# How can a random number 0-100 be generated from an initial number?

A group of people want to do a random drawing with no person involved, just grabbing an initial number from public events (ex. score of a team in a NBA game) and then make it as equally likely that it become any number between 0-100. How can this be achieved?

Edit: each person should be able to verify the formula, so it wouldn't require one person drawing ex. a randomization tool, which can be tampered. Ex. if a team in NBA score 86 and it was sequence 23 (the 23th time the randomization is done), the randomization formula generate 45%. The formula can be verified via an online tool and each time it's done it will get the same result.

• That would be called the "seed" of a psuedorandom number generator. There are many ways, check out that link. – Graviton Aug 2 '20 at 7:08
• @Graviton That sounds about right, tho I added an edit to the original post now. What I seek is a way of doing this that can't be tampered, so everyone can verify the randomization through a formula, rather than one person using an online randomization tool and others trusting it. – KingOfCss Aug 2 '20 at 8:13
• On paper it may be hard to balance "random" with "non tedious". Most random number generators use quite a few operations in order to eliminate any sort of apparent patterns. If you can use a calculator, I recommend doing something like taking the first two digits after the first two digits of $\sin(1+x)$. E.g; if $x=42$ then $\sin(1+x)\approx 0.8317$. So 17 would be the "random" number. – Graviton Aug 2 '20 at 8:20
• Stock market data might be a good source. Not the initial digits but maybe the third digit of the Dow Jones followed by the third digit of the FTSE 100. – badjohn Aug 2 '20 at 13:29

Any such formula would depend on the distribution of the data from the event source you want to use. There is no formula that gives random number from another potentially random number. What we do have is a formula that gives a series of random numbers starting from one fixed or potentially random number. Then each next is calculated based on the previously encountered values, one or more. The randomness is hidden in hiding the seed and somewhat in the formula you use.

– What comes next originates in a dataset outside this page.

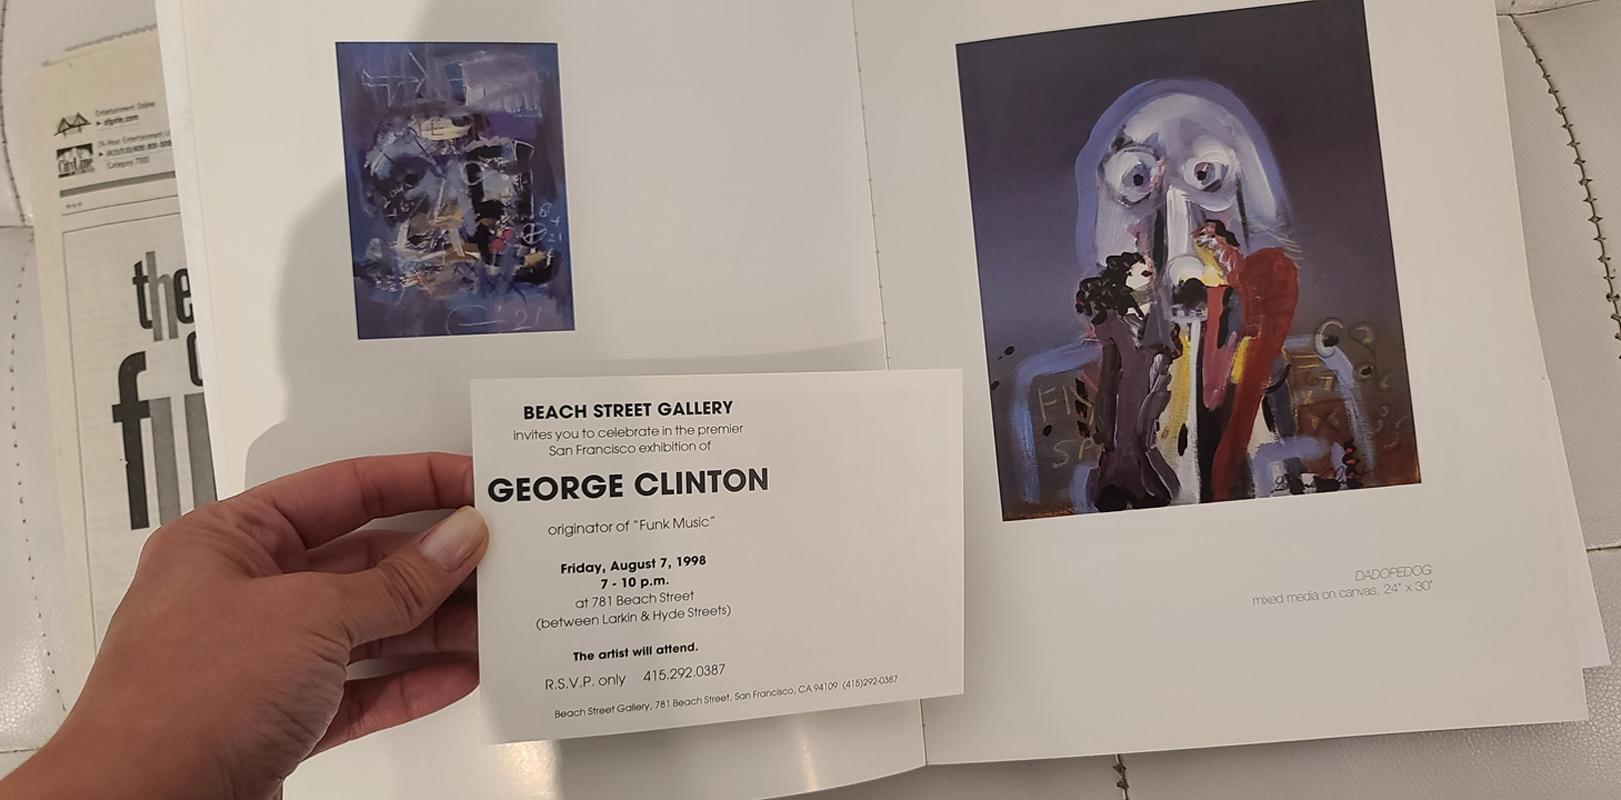 RARE early George Clinton (Parliament Funkadelic musician) that is not only stunning but comes with substantial provenance. Purchase includes the original sale invoice from his first gallery show in 1998, original exhibition catalog and show card in

What you can do, however, is take some public data and take a small portion of it. Instead of looking at the final score of the game you take its parity, or remainder when divided by 3 or 4 or 5, some small number anyway. However, depending on the sport game this might not be, statistically speaking, random or nicely distributed. Suppose you take chess, white or black winning - no. Tennis, number of sets or games - no. Basket, final score - it would have to carefully analyzed. A letter from a word, like third letter - no, the number of babies born in a specific year, in a specific country, taken at random - possibly if you take its parity. Temperature in a particular city on a particular date - it would need to be analyzed which part of it is random.

Ah, you are asking now, but wait if I have a random source where my formula fits in. Well, if you have a relatively good random source, say it is a series of 0's and 1's (odd and even, as we mentioned above, that is parity) then there are methods that can combine them without losing the average best randomness that your sources have.

So in order to have a number from 0 to 100 you would need at least 7 parity sources. You do pick whatever your choice is at random, like city and date, 7 times, calculate if it is odd or even 7 times and concatenate the result, say you have got 0110101. You interpret this as a binary number $$0110101_2=53$$. If you want the best precision, you discard all those greater than $$100$$, an treat the rest as your random source of information.

Notice that the only purpose of the formula is to combine a random source of information that has a greater quality but a lower range.

A general problem here is skew, no matter what public source of information you have, it is not reliable source of random information even if you have analyzed it thoroughly. Either computer or human can err or maybe reduce the values to something that is different from real values for whatever reason.

For example, even if you have, and we have it, a perfect quantum randomness, you have Web sites with these, nobody can prevent this perfect random source becoming useless suddenly, because statistically it can start spewing billion years of 0's, and still to be perfectly random.

For daily usage just take a couple of dices, and use your desired method of extracting randomness from it, start repeating it, analyze if there is any bias, and when you are happy use it as a sufficiently good source of randomness.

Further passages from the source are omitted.